• **YOUR GOAL**
Among the entries below, one line contains "Make a conscious" and another contains "A picture of". Transcribe those two lines and every line between them, exactly.

• **MATERIAL TO PROCESS**

──────

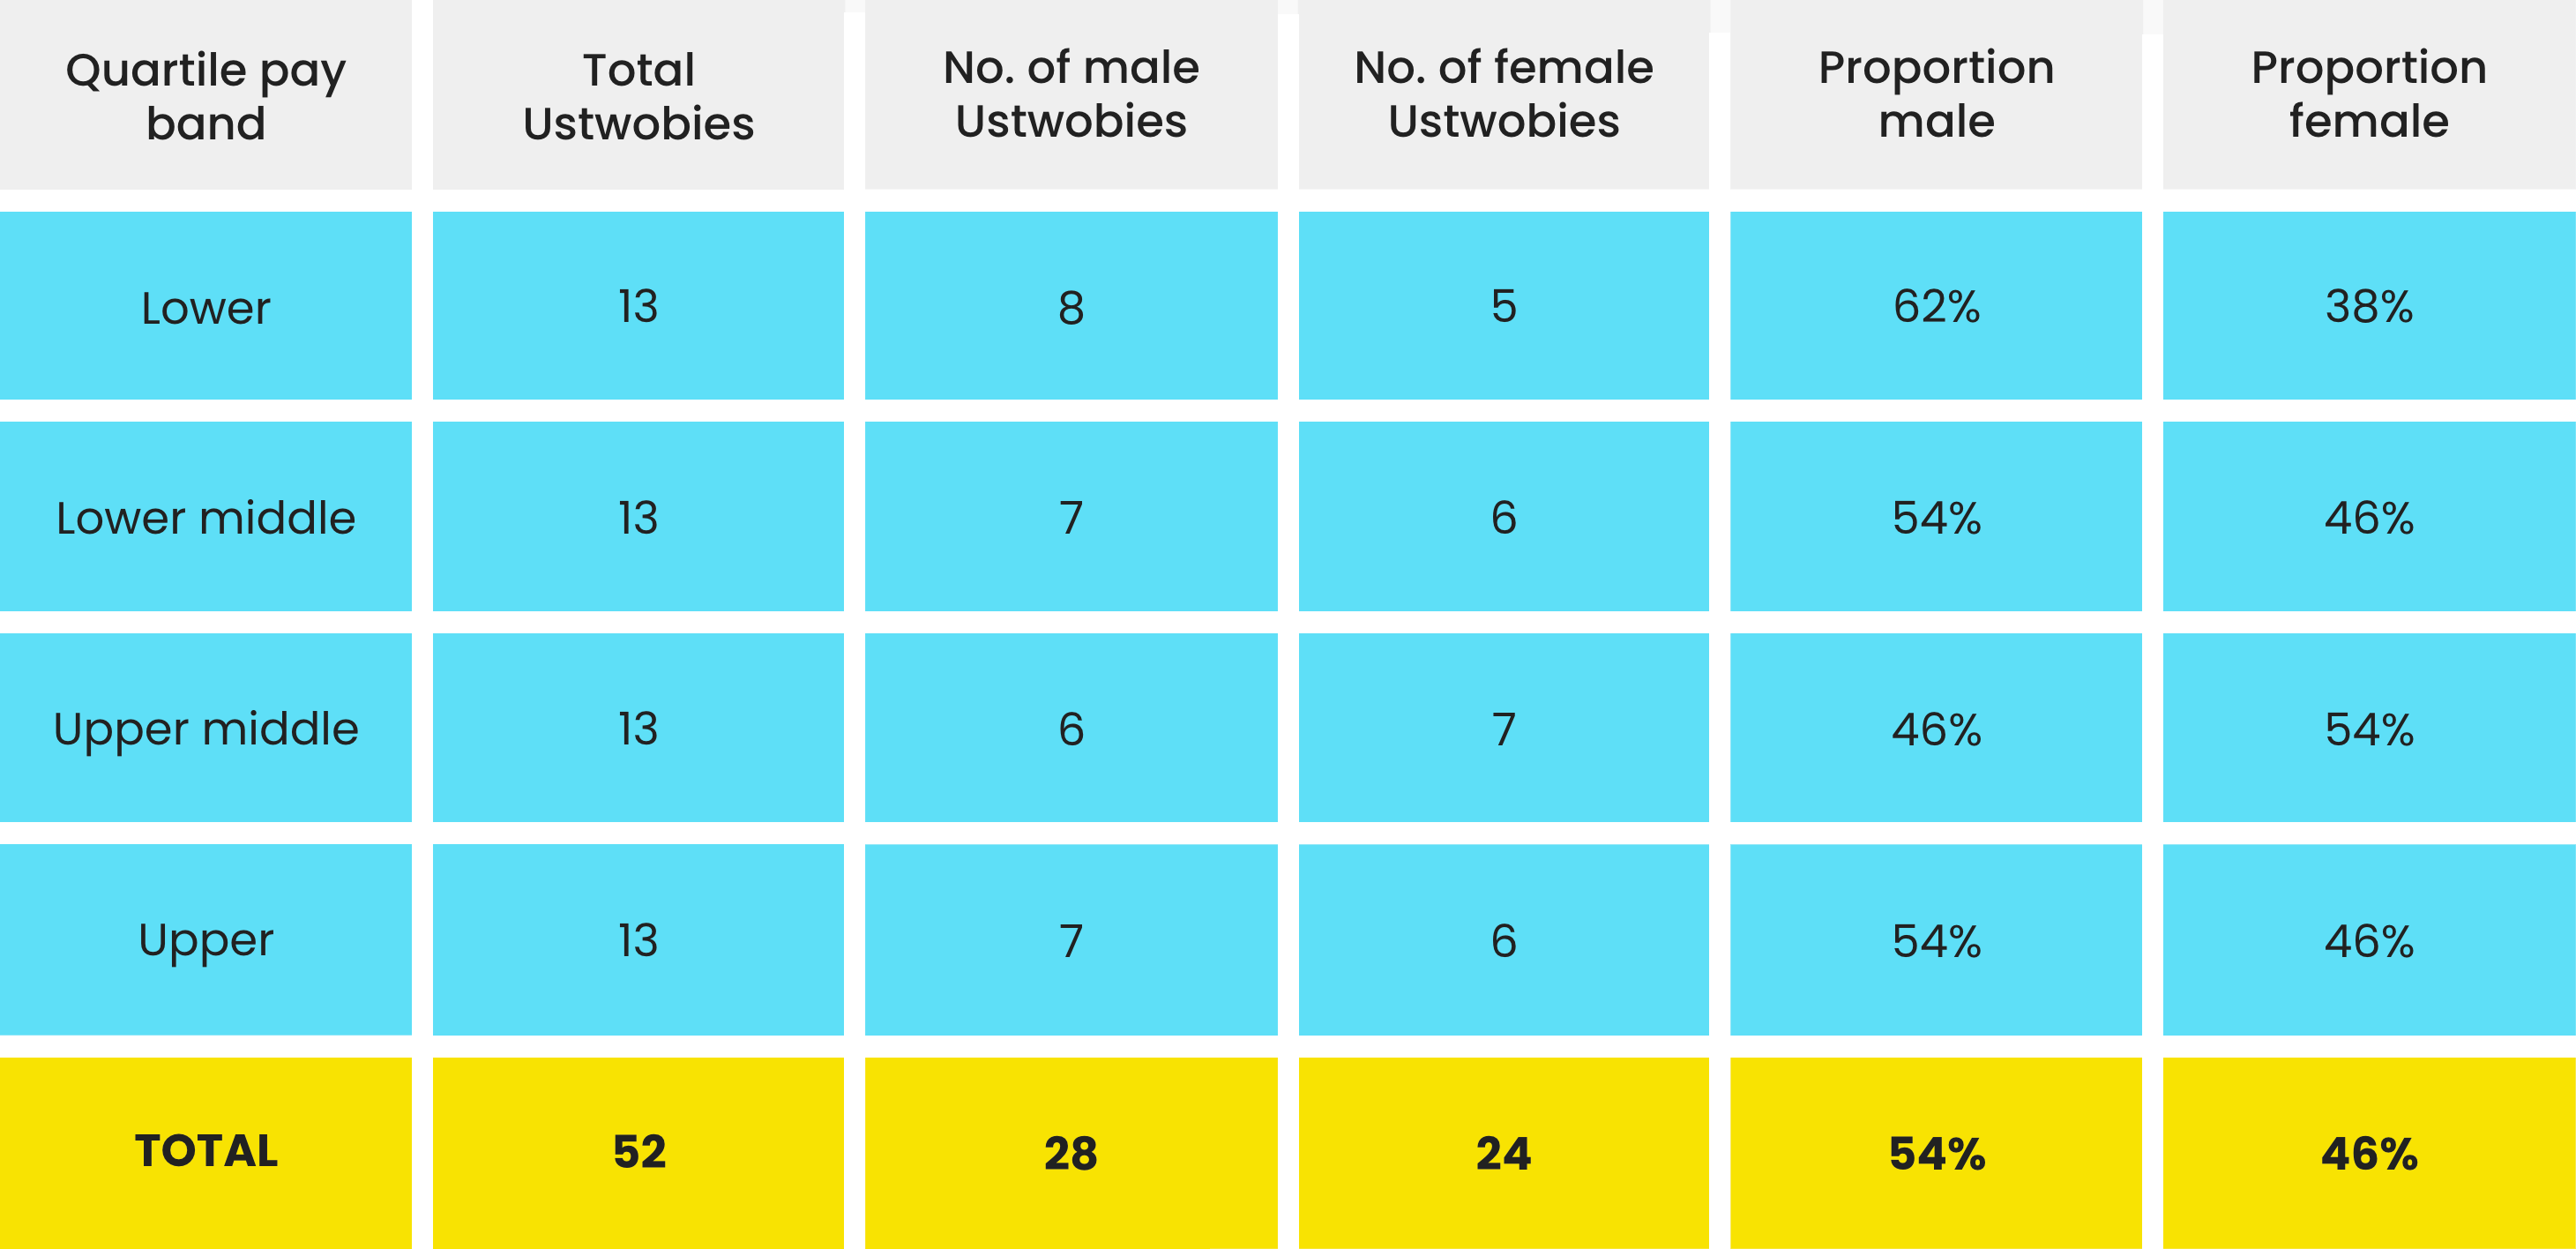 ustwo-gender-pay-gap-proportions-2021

──────

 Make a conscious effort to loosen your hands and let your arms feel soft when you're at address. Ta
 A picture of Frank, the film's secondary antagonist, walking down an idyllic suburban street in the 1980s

──────

• **RESULT**
 Make a conscious effort to loosen your hands and let your arms feel soft when you're at address. Ta
 A picture of Frank, the film's secondary antagonist, walking down an idyllic suburban street in the 1980s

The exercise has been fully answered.